---------- Data supplied
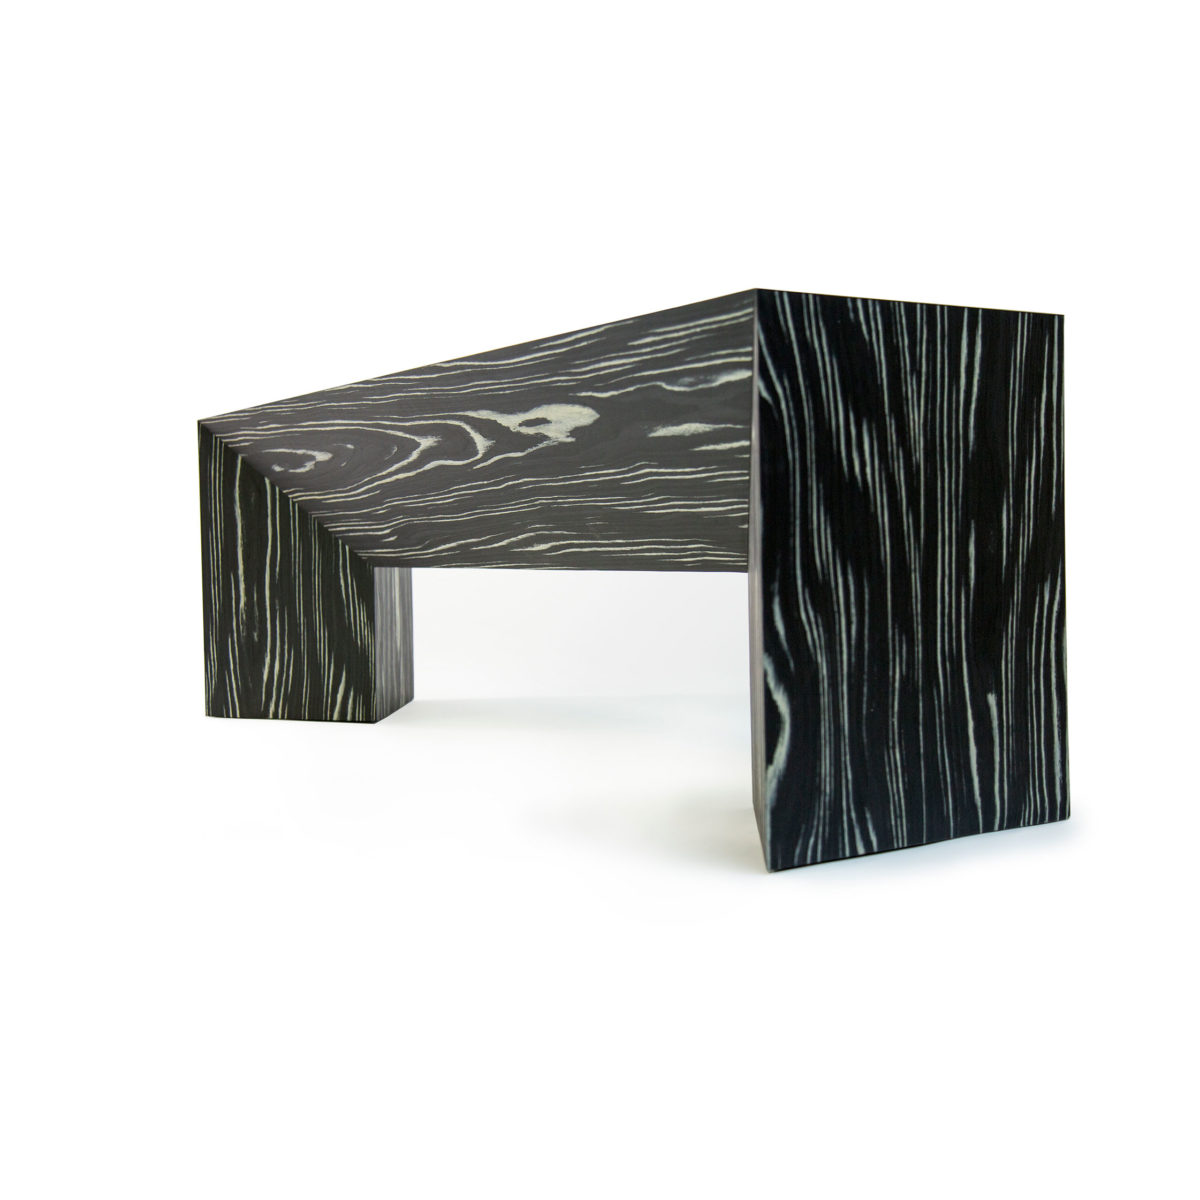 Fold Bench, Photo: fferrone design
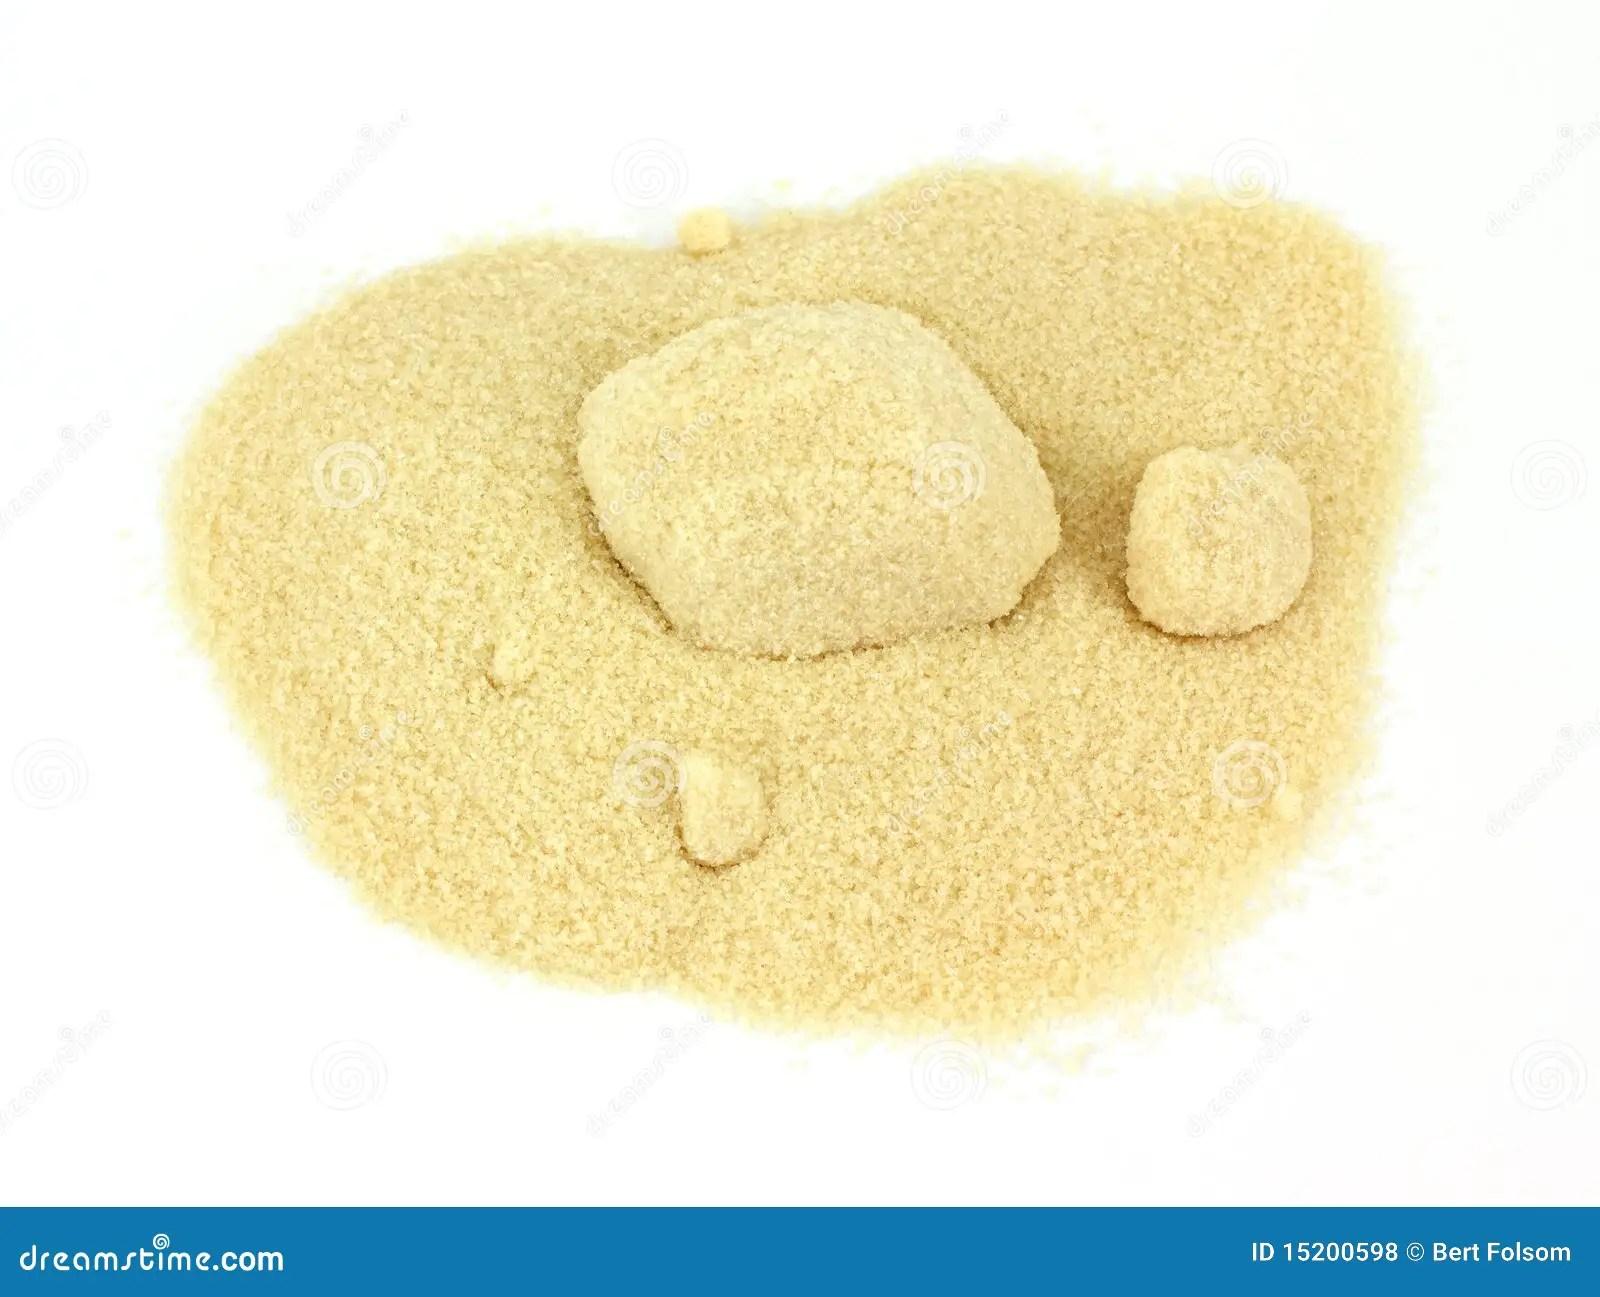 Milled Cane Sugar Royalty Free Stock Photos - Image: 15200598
--------------------
---------- Data supplied
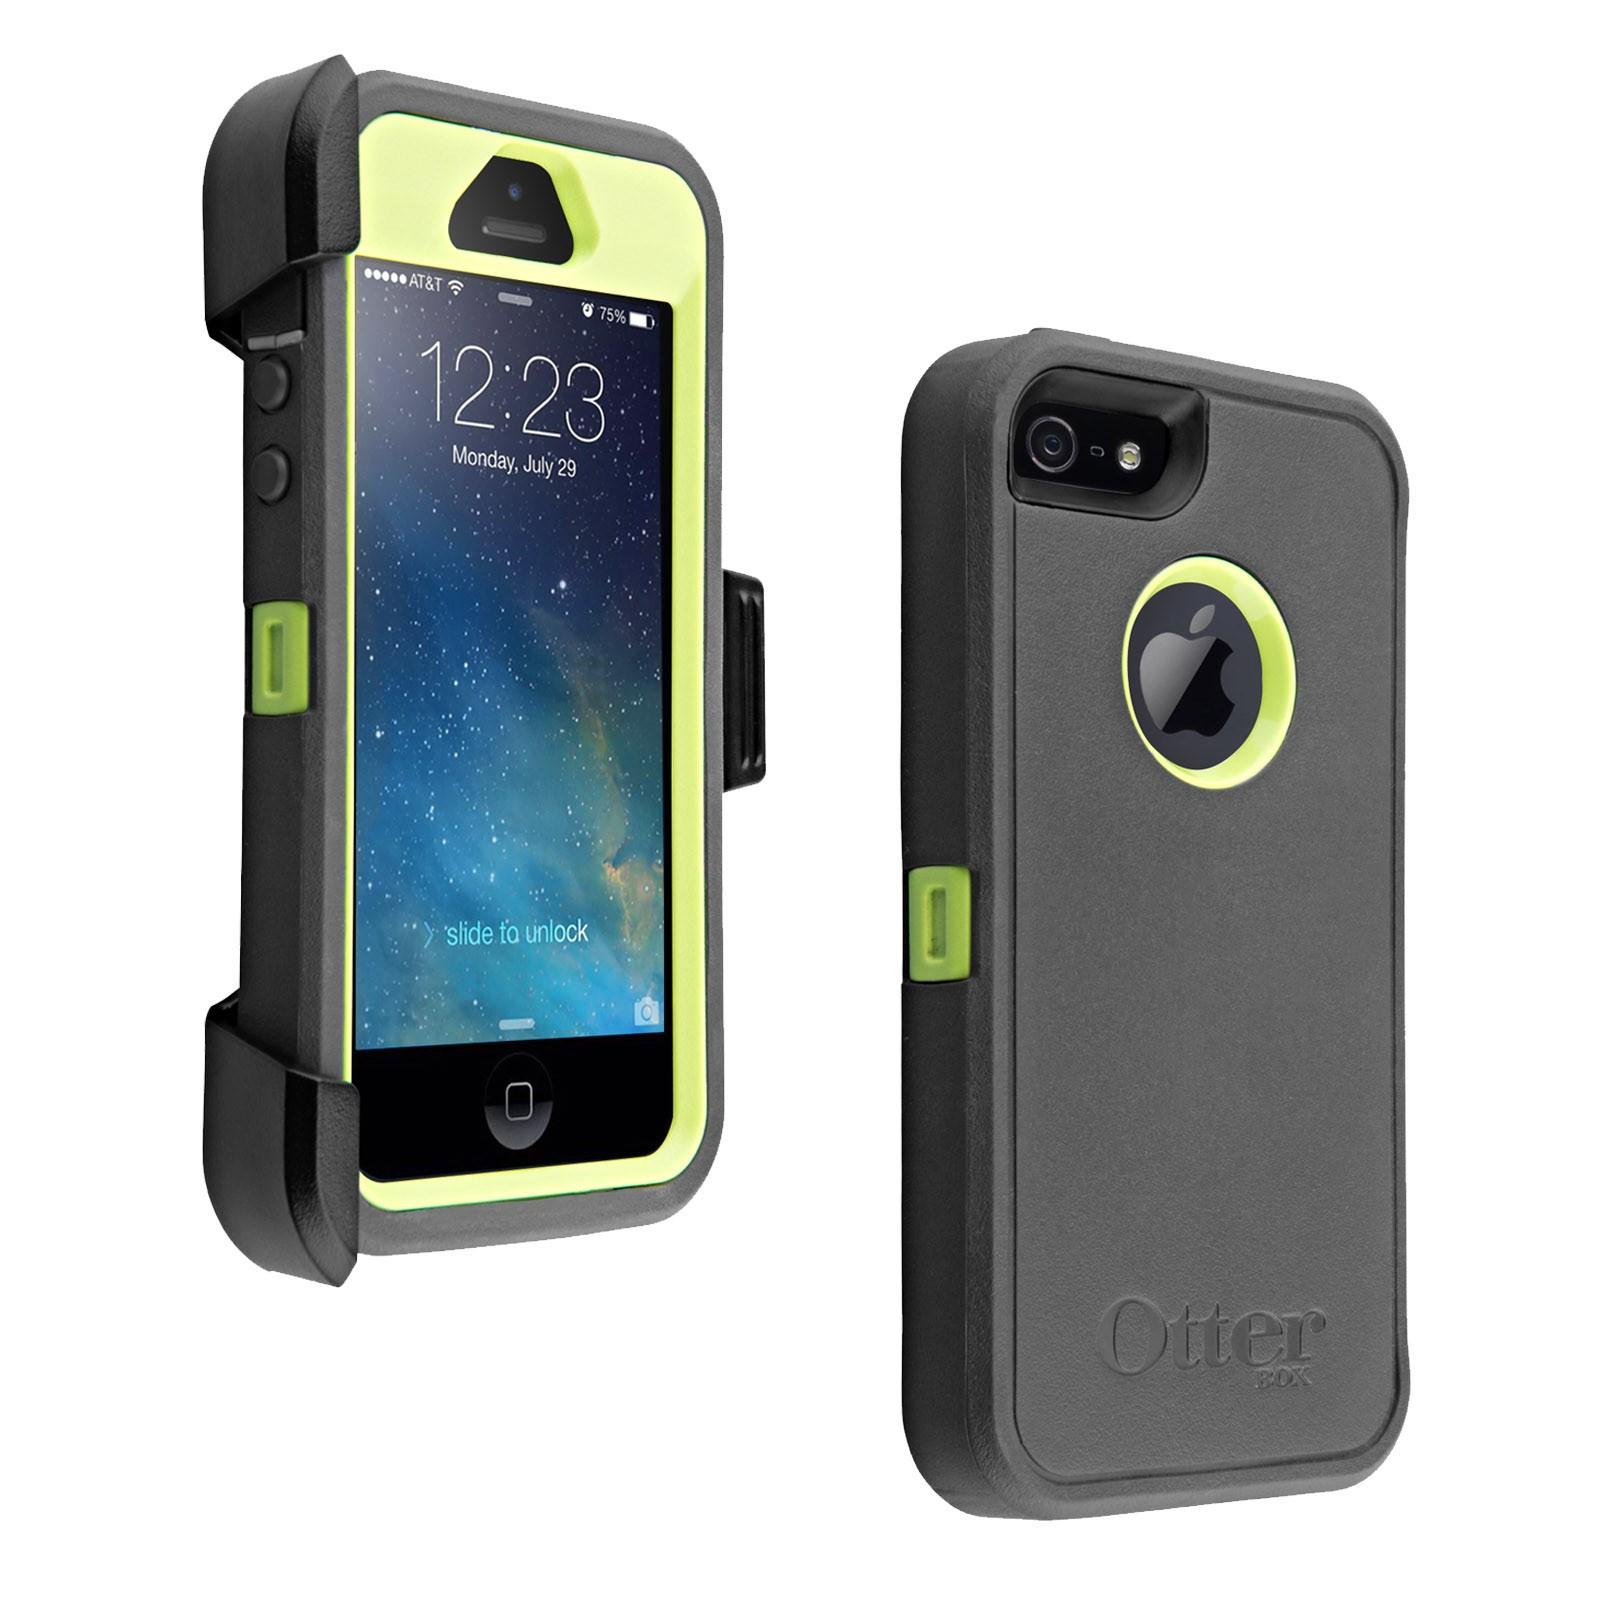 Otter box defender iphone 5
--------------------
_Your assignment_:
Find the line with "Fold Bench, Photo: fferrone design" in the data above, and from there retype each line exactly through the line with "Milled Cane Sugar", skipping the pictures along the way.

_Reply to the task_:
 Fold Bench, Photo: fferrone design
 Milled Cane Sugar Royalty Free Stock Photos - Image: 15200598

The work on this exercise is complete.